* _Supplied information_:
►

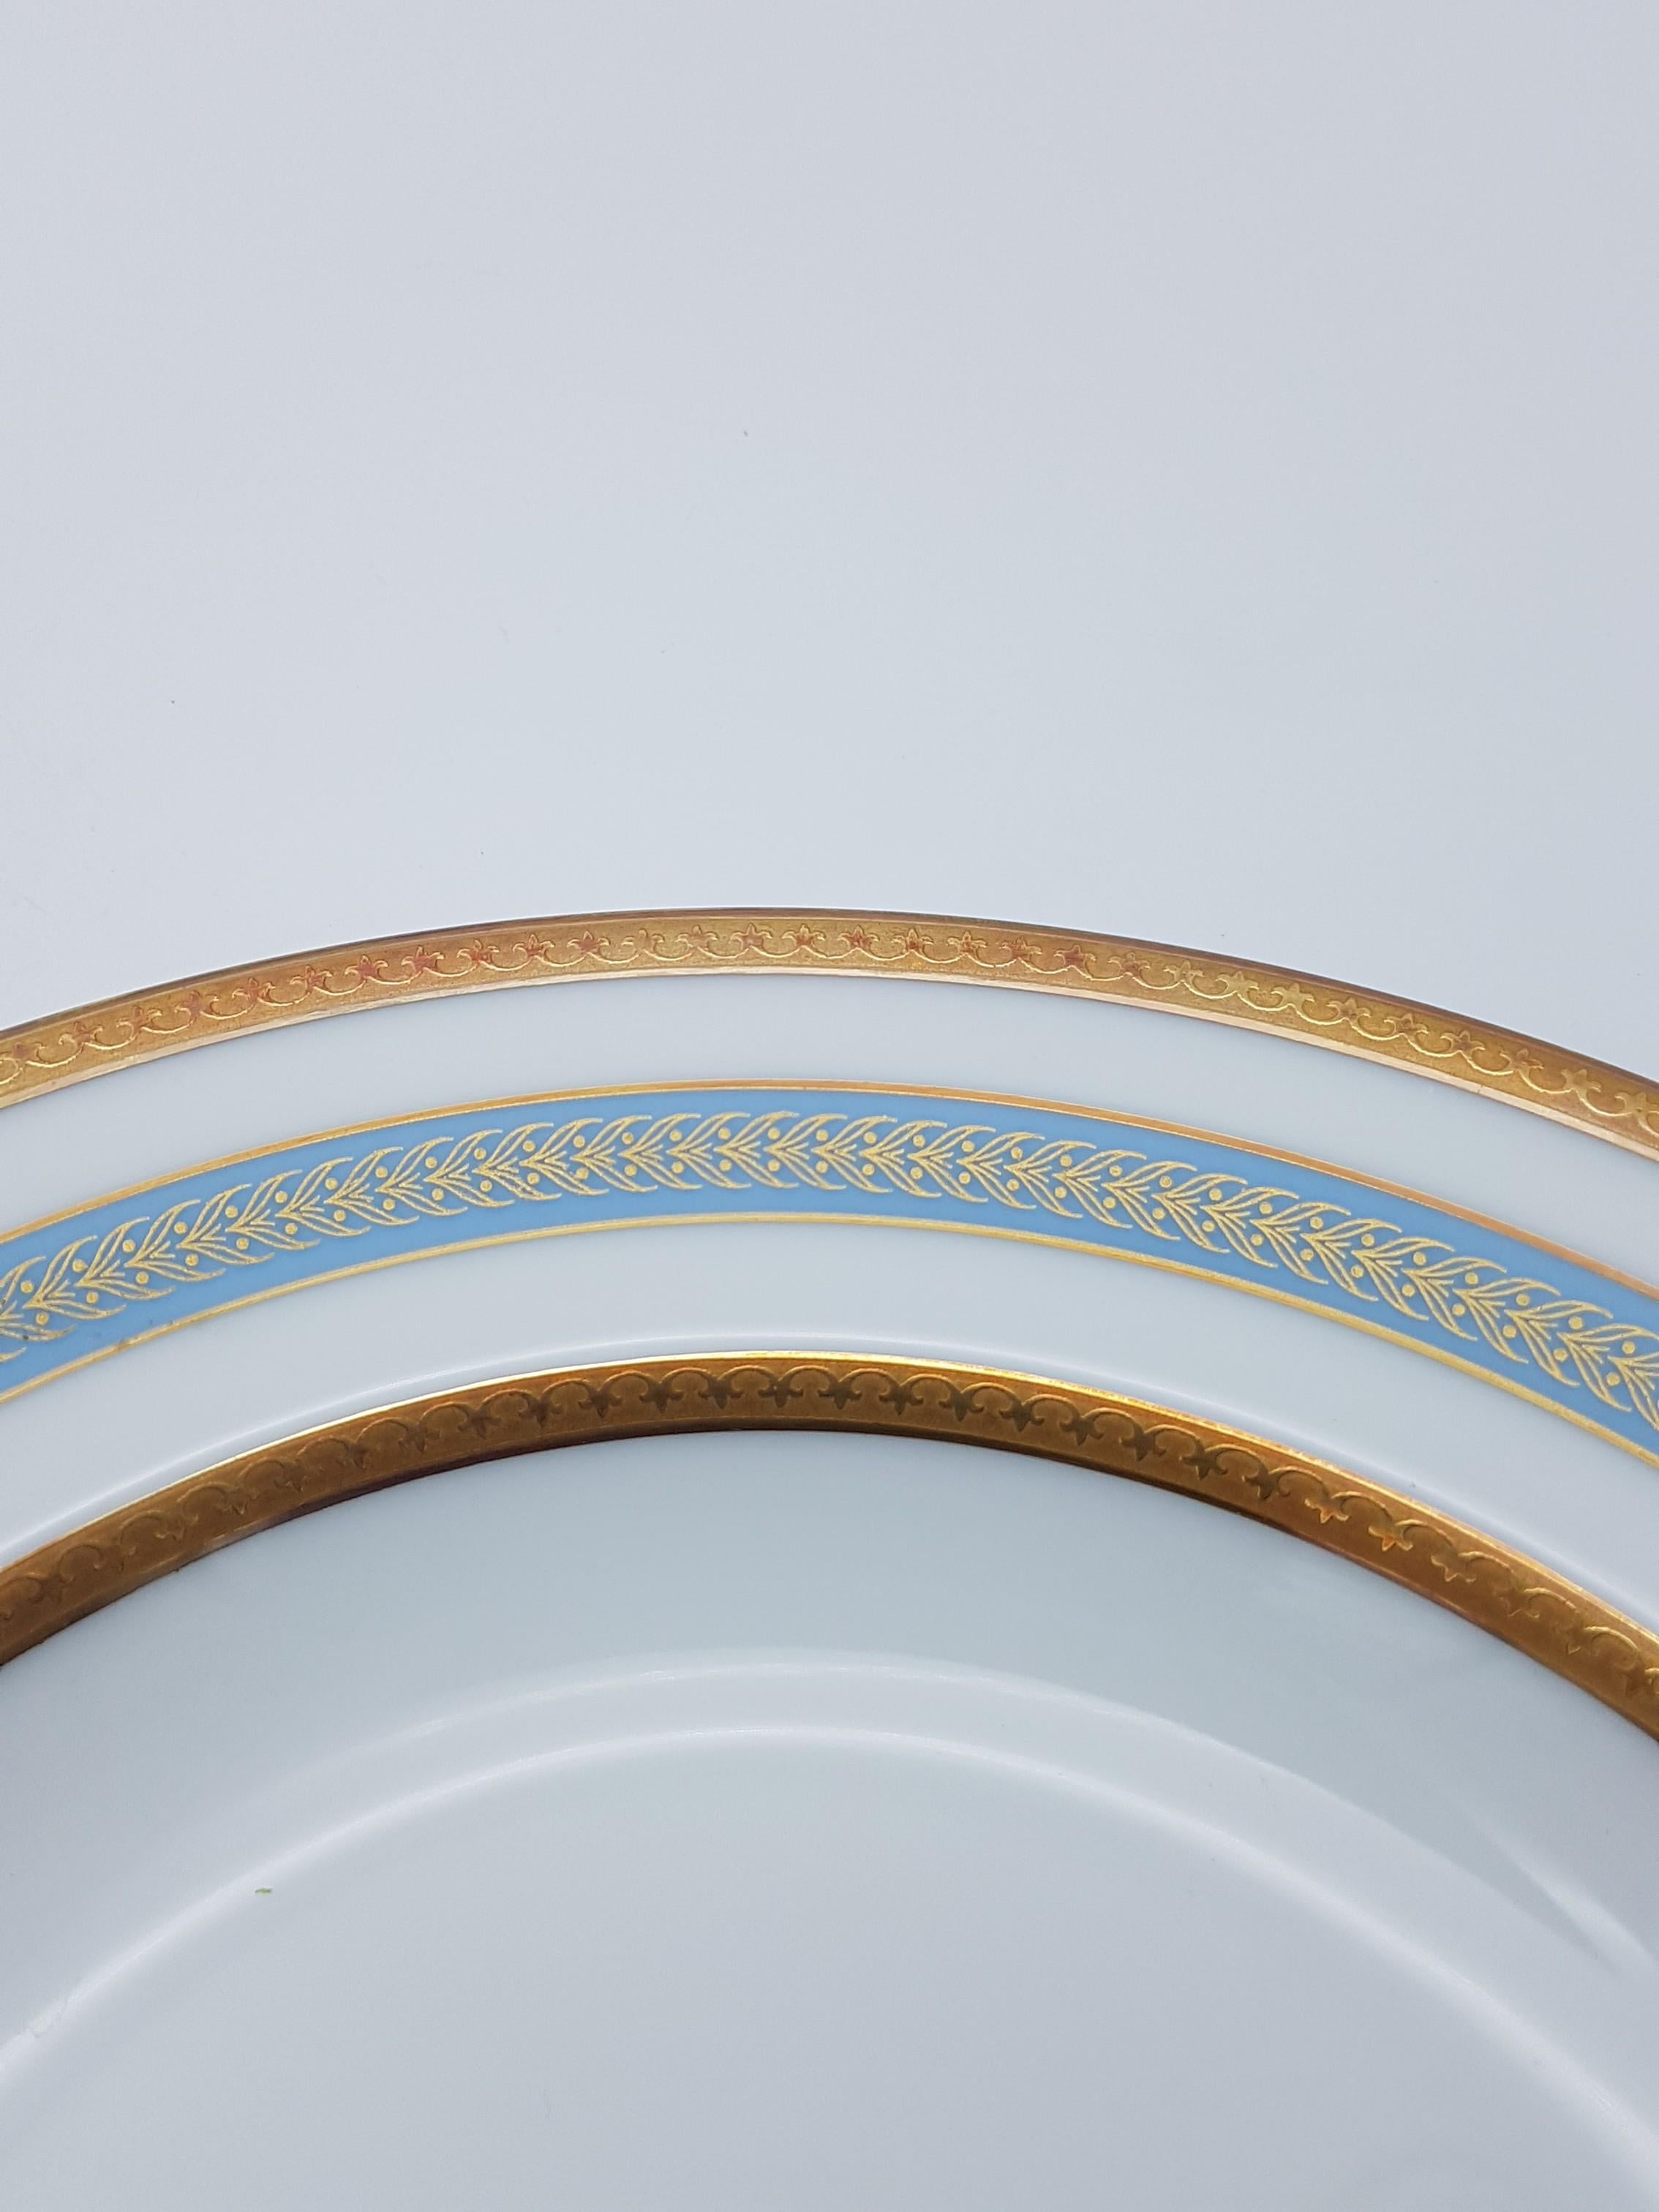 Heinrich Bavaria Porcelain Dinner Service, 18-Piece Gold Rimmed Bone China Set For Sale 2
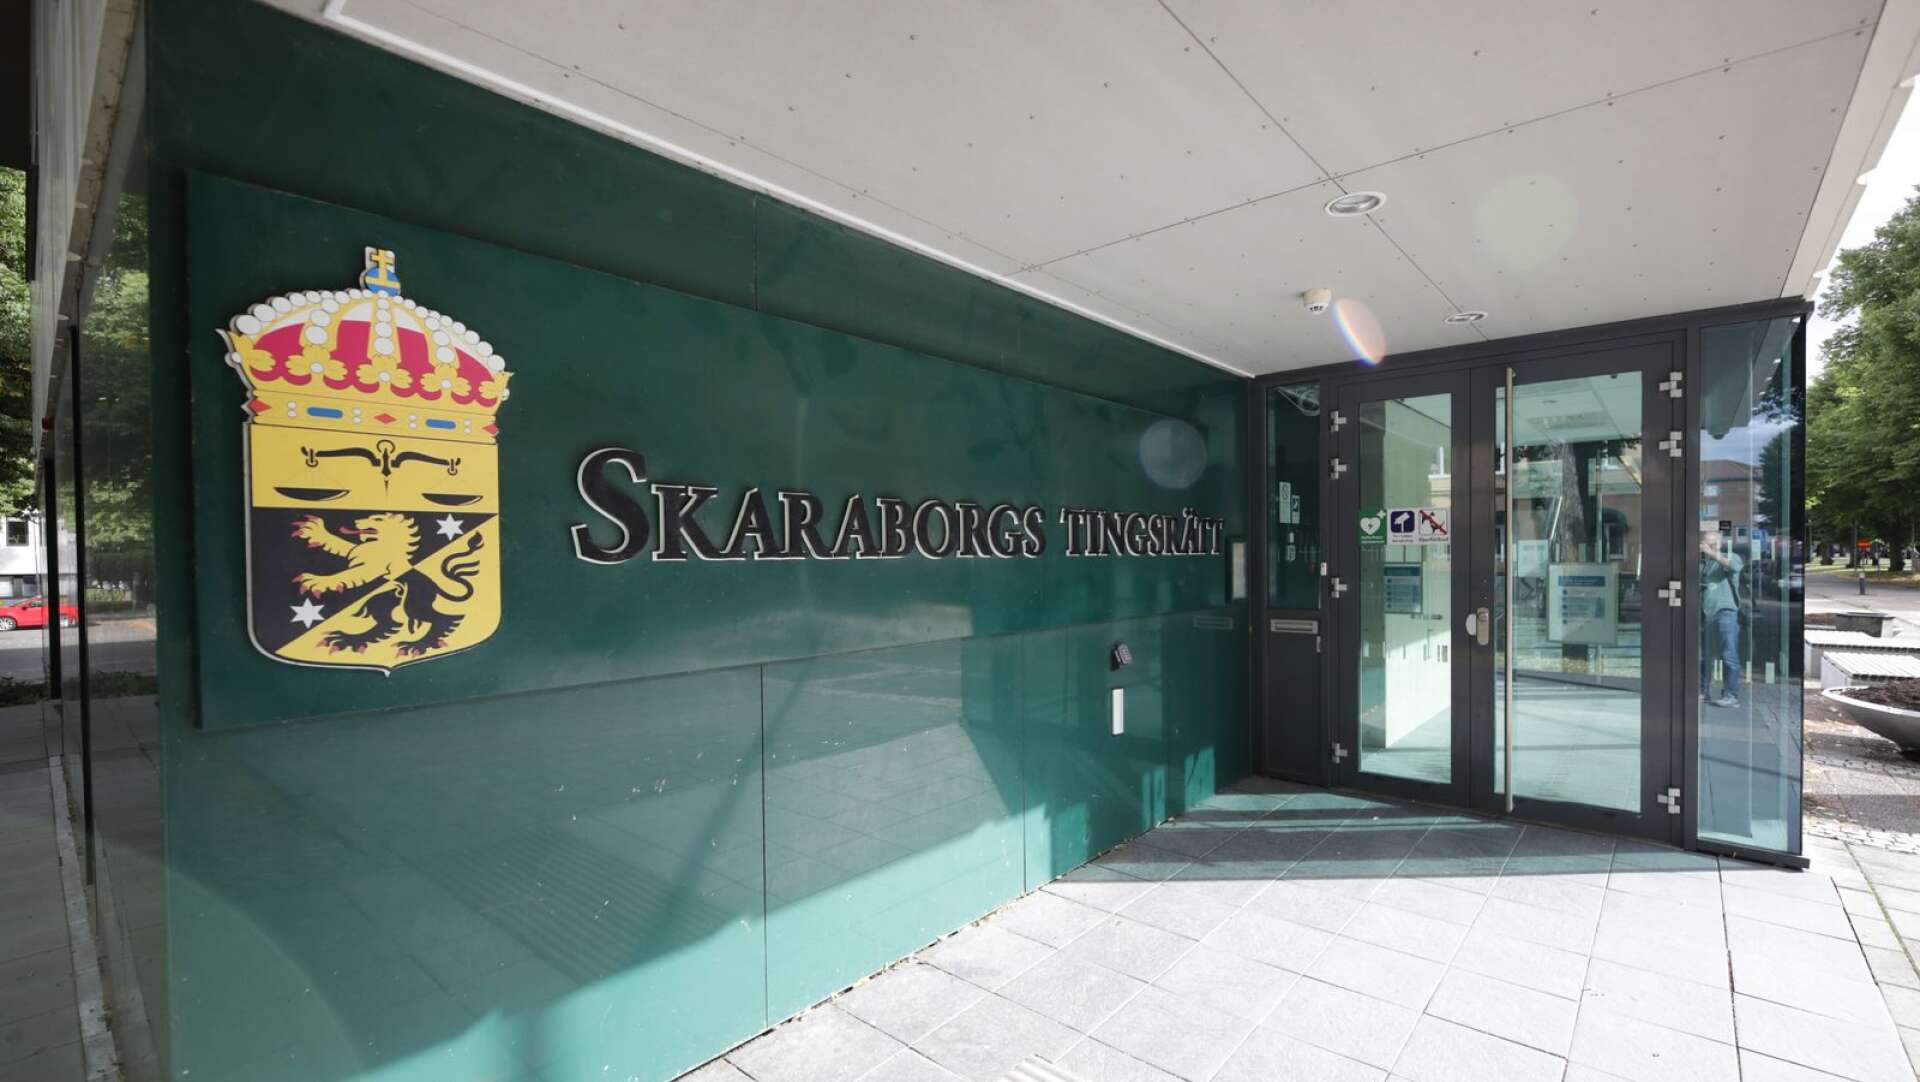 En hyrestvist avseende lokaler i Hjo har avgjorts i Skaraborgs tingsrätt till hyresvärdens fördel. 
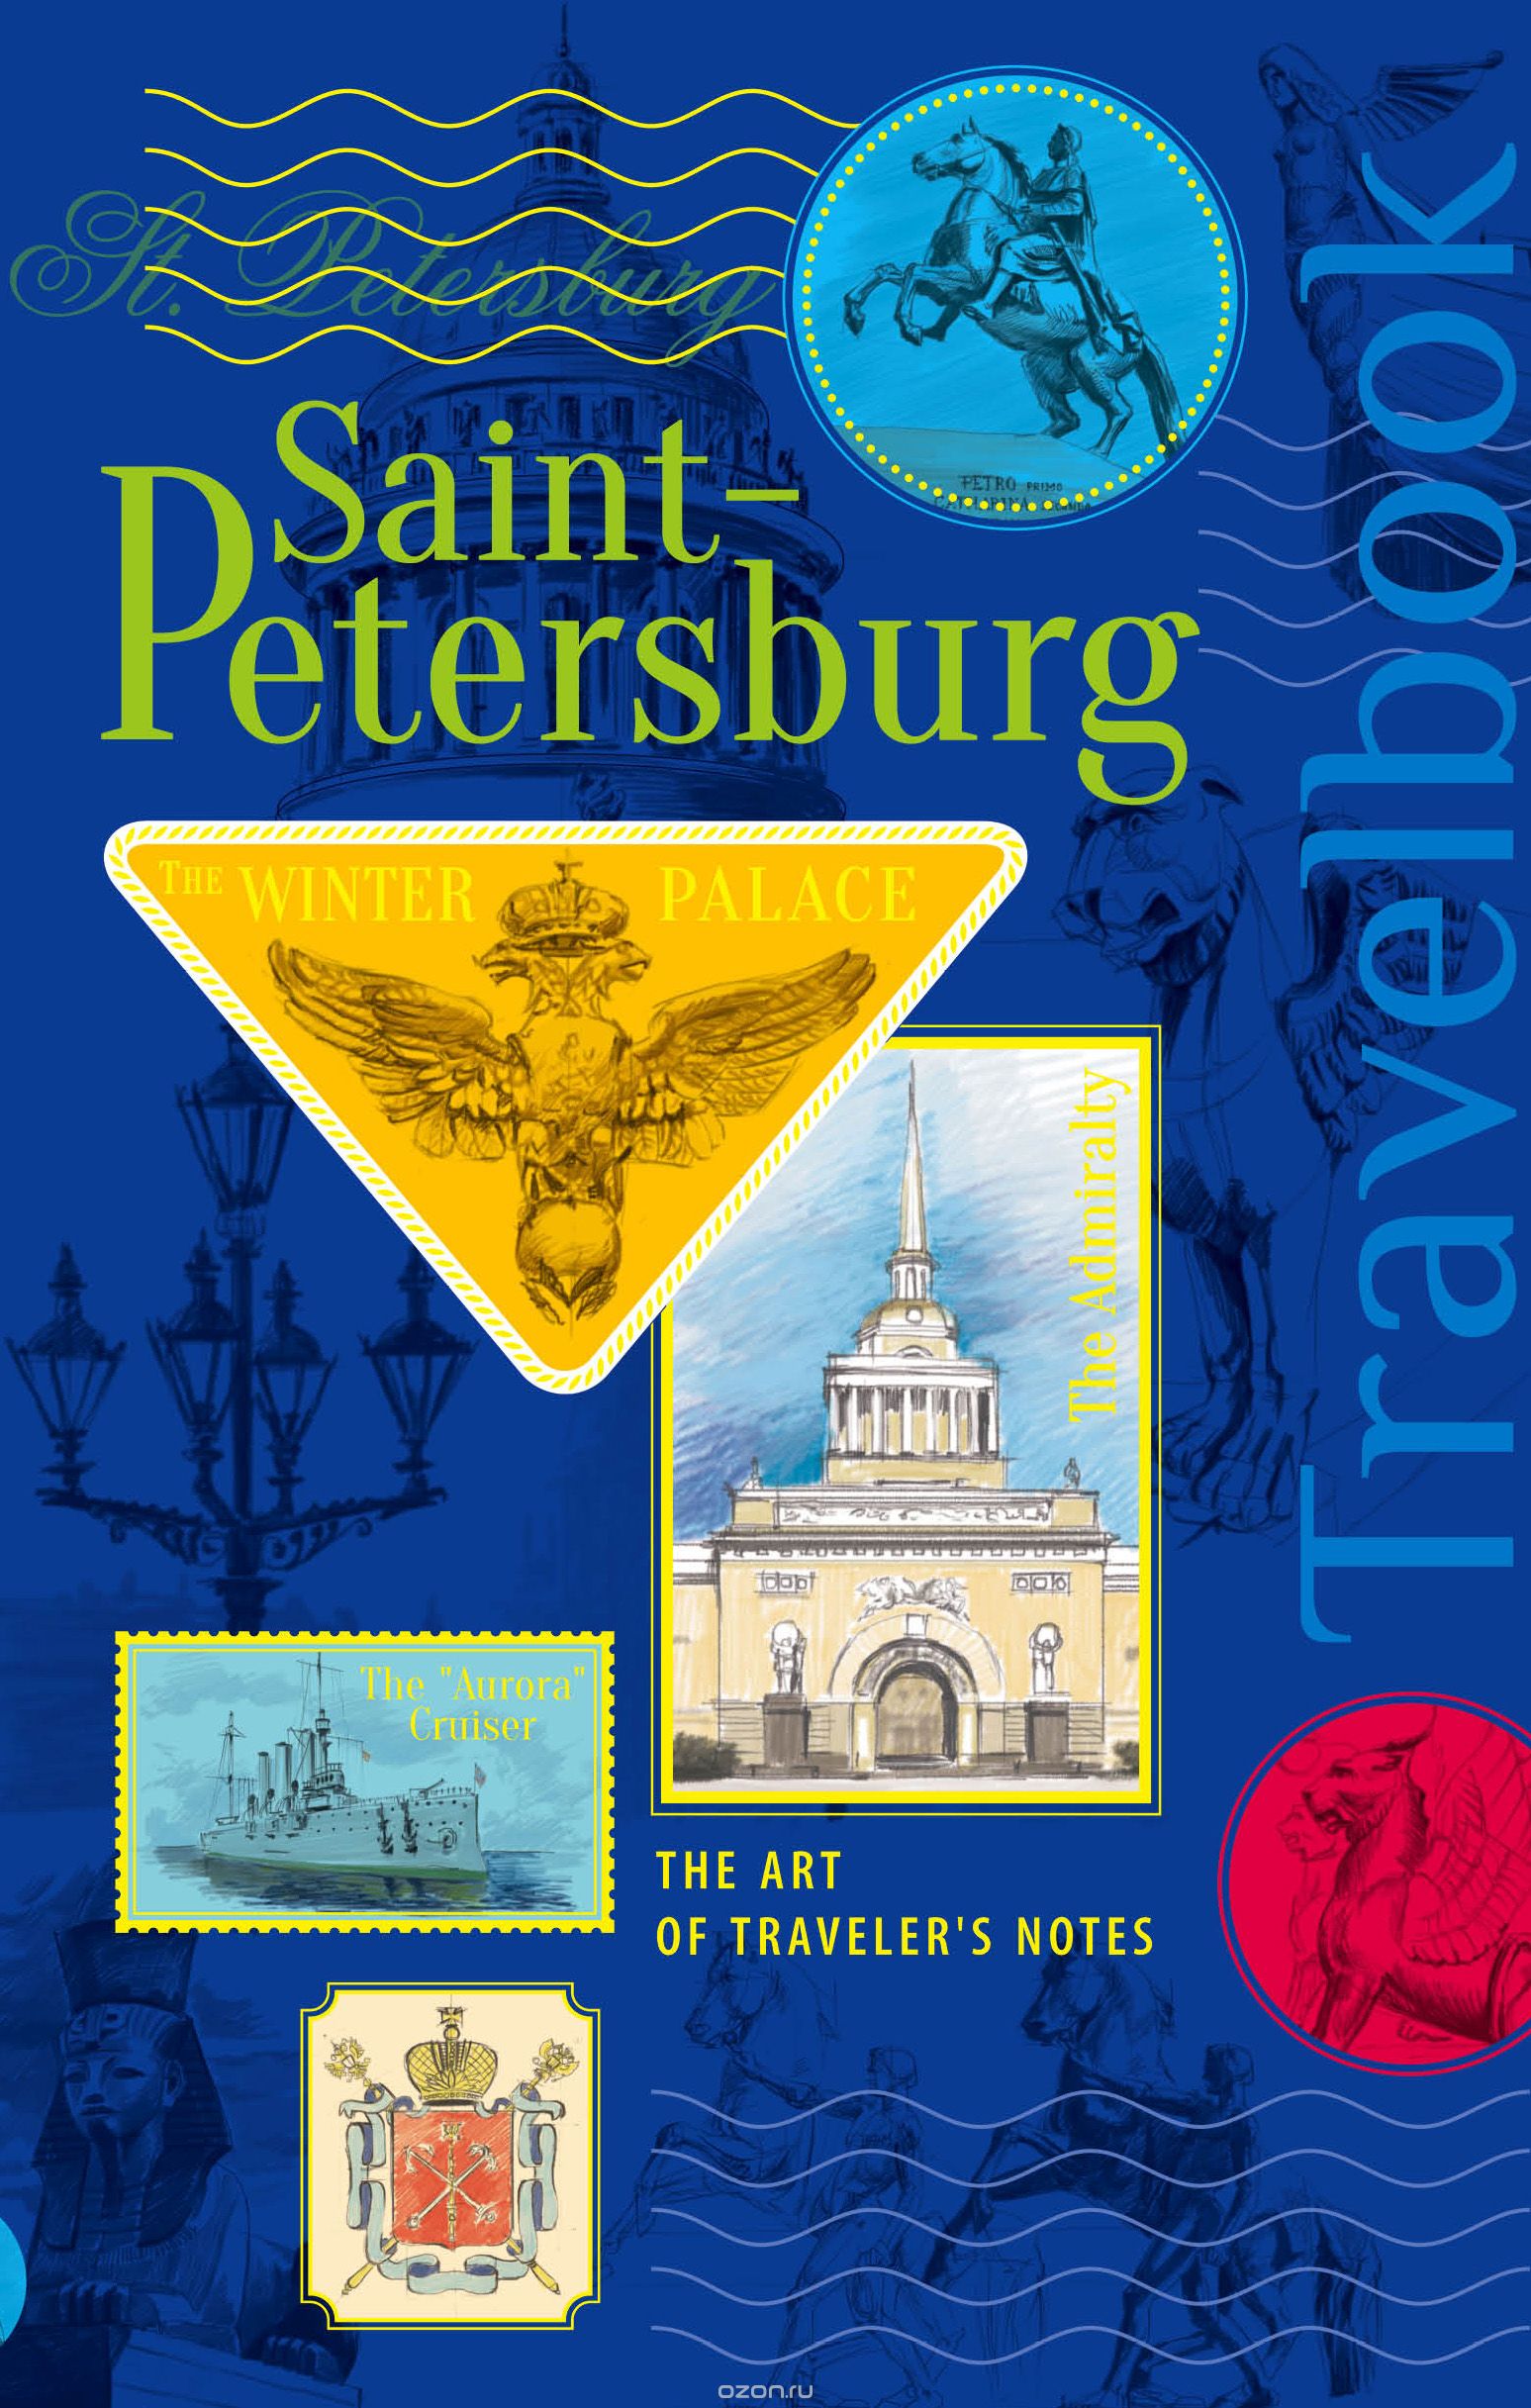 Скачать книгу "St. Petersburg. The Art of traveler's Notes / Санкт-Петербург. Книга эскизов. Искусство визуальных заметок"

◄

* _Problem details_: The whole of the data needs to be copied word for word, though not its pictures.

* _Answer_:
 Heinrich Bavaria Porcelain Dinner Service, 18-Piece Gold Rimmed Bone China Set For Sale 2
 En hyrestvist avseende lokaler i Hjo har avgjorts i Skaraborgs tingsrätt till hyresvärdens fördel. 
 Скачать книгу "St. Petersburg. The Art of traveler's Notes / Санкт-Петербург. Книга эскизов. Искусство визуальных заметок"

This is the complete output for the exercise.